EXERCISE PROMPT
Give back every entry in full, exactly as it reads.

Entries taken from a collection:
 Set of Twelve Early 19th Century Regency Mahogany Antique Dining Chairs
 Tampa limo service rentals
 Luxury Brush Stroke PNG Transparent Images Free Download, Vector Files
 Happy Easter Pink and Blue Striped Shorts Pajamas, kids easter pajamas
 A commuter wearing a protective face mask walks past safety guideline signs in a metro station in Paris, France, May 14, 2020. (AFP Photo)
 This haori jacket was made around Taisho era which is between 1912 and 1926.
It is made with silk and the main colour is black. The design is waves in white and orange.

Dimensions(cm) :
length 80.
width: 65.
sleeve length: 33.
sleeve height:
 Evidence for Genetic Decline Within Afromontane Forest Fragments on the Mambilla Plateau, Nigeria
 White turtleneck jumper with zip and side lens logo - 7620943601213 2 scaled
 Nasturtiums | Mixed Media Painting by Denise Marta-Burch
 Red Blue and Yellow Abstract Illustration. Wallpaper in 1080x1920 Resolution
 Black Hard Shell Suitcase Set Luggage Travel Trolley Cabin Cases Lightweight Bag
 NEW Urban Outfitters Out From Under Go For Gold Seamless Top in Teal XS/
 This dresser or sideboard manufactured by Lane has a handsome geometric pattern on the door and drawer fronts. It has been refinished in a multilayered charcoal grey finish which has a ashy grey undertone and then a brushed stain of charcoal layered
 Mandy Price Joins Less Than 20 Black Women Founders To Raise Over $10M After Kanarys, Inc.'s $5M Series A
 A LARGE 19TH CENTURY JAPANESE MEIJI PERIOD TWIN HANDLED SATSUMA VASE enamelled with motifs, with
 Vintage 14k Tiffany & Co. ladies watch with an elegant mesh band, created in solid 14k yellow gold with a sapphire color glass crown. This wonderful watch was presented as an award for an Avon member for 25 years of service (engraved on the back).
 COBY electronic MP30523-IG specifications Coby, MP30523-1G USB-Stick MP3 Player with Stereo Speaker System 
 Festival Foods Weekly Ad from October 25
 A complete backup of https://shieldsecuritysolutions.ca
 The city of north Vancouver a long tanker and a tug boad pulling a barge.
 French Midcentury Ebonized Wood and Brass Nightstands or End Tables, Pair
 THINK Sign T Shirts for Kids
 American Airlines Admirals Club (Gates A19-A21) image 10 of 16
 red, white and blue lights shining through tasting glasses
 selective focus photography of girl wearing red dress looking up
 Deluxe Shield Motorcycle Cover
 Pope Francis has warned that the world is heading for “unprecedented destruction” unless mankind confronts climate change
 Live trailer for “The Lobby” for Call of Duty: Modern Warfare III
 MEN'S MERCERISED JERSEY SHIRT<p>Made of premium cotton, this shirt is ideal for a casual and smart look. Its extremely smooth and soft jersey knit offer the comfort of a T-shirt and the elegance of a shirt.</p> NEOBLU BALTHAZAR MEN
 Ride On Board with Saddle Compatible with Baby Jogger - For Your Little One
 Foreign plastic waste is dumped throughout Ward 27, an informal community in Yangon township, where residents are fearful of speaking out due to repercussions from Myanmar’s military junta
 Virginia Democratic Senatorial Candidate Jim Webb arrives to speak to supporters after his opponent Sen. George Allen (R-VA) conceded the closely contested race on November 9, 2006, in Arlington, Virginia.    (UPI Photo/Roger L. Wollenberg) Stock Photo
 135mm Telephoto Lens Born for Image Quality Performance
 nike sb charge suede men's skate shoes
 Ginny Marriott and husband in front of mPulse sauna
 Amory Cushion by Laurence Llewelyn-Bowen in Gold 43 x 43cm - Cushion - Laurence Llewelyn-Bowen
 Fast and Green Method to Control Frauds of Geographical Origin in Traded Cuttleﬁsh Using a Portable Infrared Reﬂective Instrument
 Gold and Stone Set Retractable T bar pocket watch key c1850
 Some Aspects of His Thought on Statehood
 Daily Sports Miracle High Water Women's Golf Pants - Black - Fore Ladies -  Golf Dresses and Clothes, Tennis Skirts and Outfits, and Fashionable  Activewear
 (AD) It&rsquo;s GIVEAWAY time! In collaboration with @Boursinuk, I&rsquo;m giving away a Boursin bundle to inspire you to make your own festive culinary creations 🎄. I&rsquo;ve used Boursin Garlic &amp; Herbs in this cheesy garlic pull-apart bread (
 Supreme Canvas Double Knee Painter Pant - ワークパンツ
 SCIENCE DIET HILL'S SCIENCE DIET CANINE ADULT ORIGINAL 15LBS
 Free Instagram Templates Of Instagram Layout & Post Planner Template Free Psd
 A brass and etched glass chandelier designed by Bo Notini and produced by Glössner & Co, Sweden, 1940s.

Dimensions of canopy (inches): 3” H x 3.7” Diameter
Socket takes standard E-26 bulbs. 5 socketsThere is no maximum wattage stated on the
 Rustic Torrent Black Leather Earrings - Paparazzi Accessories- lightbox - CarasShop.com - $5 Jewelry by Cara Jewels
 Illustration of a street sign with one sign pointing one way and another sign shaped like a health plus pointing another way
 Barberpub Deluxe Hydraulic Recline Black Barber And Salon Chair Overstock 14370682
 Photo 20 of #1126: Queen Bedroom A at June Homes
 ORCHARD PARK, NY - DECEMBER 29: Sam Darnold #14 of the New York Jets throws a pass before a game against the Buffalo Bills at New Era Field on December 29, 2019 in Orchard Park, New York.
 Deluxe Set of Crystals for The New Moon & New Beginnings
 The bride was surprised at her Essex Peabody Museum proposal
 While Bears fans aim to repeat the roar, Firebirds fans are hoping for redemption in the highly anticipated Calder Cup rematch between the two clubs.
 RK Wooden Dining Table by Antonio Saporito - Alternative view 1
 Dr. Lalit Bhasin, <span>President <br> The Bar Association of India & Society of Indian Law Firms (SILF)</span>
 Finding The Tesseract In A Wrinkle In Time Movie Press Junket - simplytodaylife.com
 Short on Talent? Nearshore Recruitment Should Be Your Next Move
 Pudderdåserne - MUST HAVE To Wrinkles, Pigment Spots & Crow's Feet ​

ANSWER BOX
 Set of Twelve Early 19th Century Regency Mahogany Antique Dining Chairs
 Tampa limo service rentals
 Luxury Brush Stroke PNG Transparent Images Free Download, Vector Files
 Happy Easter Pink and Blue Striped Shorts Pajamas, kids easter pajamas
 A commuter wearing a protective face mask walks past safety guideline signs in a metro station in Paris, France, May 14, 2020. (AFP Photo)
 This haori jacket was made around Taisho era which is between 1912 and 1926.
It is made with silk and the main colour is black. The design is waves in white and orange.

Dimensions(cm) :
length 80.
width: 65.
sleeve length: 33.
sleeve height:
 Evidence for Genetic Decline Within Afromontane Forest Fragments on the Mambilla Plateau, Nigeria
 White turtleneck jumper with zip and side lens logo - 7620943601213 2 scaled
 Nasturtiums | Mixed Media Painting by Denise Marta-Burch
 Red Blue and Yellow Abstract Illustration. Wallpaper in 1080x1920 Resolution
 Black Hard Shell Suitcase Set Luggage Travel Trolley Cabin Cases Lightweight Bag
 NEW Urban Outfitters Out From Under Go For Gold Seamless Top in Teal XS/
 This dresser or sideboard manufactured by Lane has a handsome geometric pattern on the door and drawer fronts. It has been refinished in a multilayered charcoal grey finish which has a ashy grey undertone and then a brushed stain of charcoal layered
 Mandy Price Joins Less Than 20 Black Women Founders To Raise Over $10M After Kanarys, Inc.'s $5M Series A
 A LARGE 19TH CENTURY JAPANESE MEIJI PERIOD TWIN HANDLED SATSUMA VASE enamelled with motifs, with
 Vintage 14k Tiffany & Co. ladies watch with an elegant mesh band, created in solid 14k yellow gold with a sapphire color glass crown. This wonderful watch was presented as an award for an Avon member for 25 years of service (engraved on the back).
 COBY electronic MP30523-IG specifications Coby, MP30523-1G USB-Stick MP3 Player with Stereo Speaker System 
 Festival Foods Weekly Ad from October 25
 A complete backup of https://shieldsecuritysolutions.ca
 The city of north Vancouver a long tanker and a tug boad pulling a barge.
 French Midcentury Ebonized Wood and Brass Nightstands or End Tables, Pair
 THINK Sign T Shirts for Kids
 American Airlines Admirals Club (Gates A19-A21) image 10 of 16
 red, white and blue lights shining through tasting glasses
 selective focus photography of girl wearing red dress looking up
 Deluxe Shield Motorcycle Cover
 Pope Francis has warned that the world is heading for “unprecedented destruction” unless mankind confronts climate change
 Live trailer for “The Lobby” for Call of Duty: Modern Warfare III
 MEN'S MERCERISED JERSEY SHIRT<p>Made of premium cotton, this shirt is ideal for a casual and smart look. Its extremely smooth and soft jersey knit offer the comfort of a T-shirt and the elegance of a shirt.</p> NEOBLU BALTHAZAR MEN
 Ride On Board with Saddle Compatible with Baby Jogger - For Your Little One
 Foreign plastic waste is dumped throughout Ward 27, an informal community in Yangon township, where residents are fearful of speaking out due to repercussions from Myanmar’s military junta
 Virginia Democratic Senatorial Candidate Jim Webb arrives to speak to supporters after his opponent Sen. George Allen (R-VA) conceded the closely contested race on November 9, 2006, in Arlington, Virginia.    (UPI Photo/Roger L. Wollenberg) Stock Photo
 135mm Telephoto Lens Born for Image Quality Performance
 nike sb charge suede men's skate shoes
 Ginny Marriott and husband in front of mPulse sauna
 Amory Cushion by Laurence Llewelyn-Bowen in Gold 43 x 43cm - Cushion - Laurence Llewelyn-Bowen
 Fast and Green Method to Control Frauds of Geographical Origin in Traded Cuttleﬁsh Using a Portable Infrared Reﬂective Instrument
 Gold and Stone Set Retractable T bar pocket watch key c1850
 Some Aspects of His Thought on Statehood
 Daily Sports Miracle High Water Women's Golf Pants - Black - Fore Ladies -  Golf Dresses and Clothes, Tennis Skirts and Outfits, and Fashionable  Activewear
 (AD) It&rsquo;s GIVEAWAY time! In collaboration with @Boursinuk, I&rsquo;m giving away a Boursin bundle to inspire you to make your own festive culinary creations 🎄. I&rsquo;ve used Boursin Garlic &amp; Herbs in this cheesy garlic pull-apart bread (
 Supreme Canvas Double Knee Painter Pant - ワークパンツ
 SCIENCE DIET HILL'S SCIENCE DIET CANINE ADULT ORIGINAL 15LBS
 Free Instagram Templates Of Instagram Layout & Post Planner Template Free Psd
 A brass and etched glass chandelier designed by Bo Notini and produced by Glössner & Co, Sweden, 1940s.

Dimensions of canopy (inches): 3” H x 3.7” Diameter
Socket takes standard E-26 bulbs. 5 socketsThere is no maximum wattage stated on the
 Rustic Torrent Black Leather Earrings - Paparazzi Accessories- lightbox - CarasShop.com - $5 Jewelry by Cara Jewels
 Illustration of a street sign with one sign pointing one way and another sign shaped like a health plus pointing another way
 Barberpub Deluxe Hydraulic Recline Black Barber And Salon Chair Overstock 14370682
 Photo 20 of #1126: Queen Bedroom A at June Homes
 ORCHARD PARK, NY - DECEMBER 29: Sam Darnold #14 of the New York Jets throws a pass before a game against the Buffalo Bills at New Era Field on December 29, 2019 in Orchard Park, New York.
 Deluxe Set of Crystals for The New Moon & New Beginnings
 The bride was surprised at her Essex Peabody Museum proposal
 While Bears fans aim to repeat the roar, Firebirds fans are hoping for redemption in the highly anticipated Calder Cup rematch between the two clubs.
 RK Wooden Dining Table by Antonio Saporito - Alternative view 1
 Dr. Lalit Bhasin, <span>President <br> The Bar Association of India & Society of Indian Law Firms (SILF)</span>
 Finding The Tesseract In A Wrinkle In Time Movie Press Junket - simplytodaylife.com
 Short on Talent? Nearshore Recruitment Should Be Your Next Move
 Pudderdåserne - MUST HAVE To Wrinkles, Pigment Spots & Crow's Feet ​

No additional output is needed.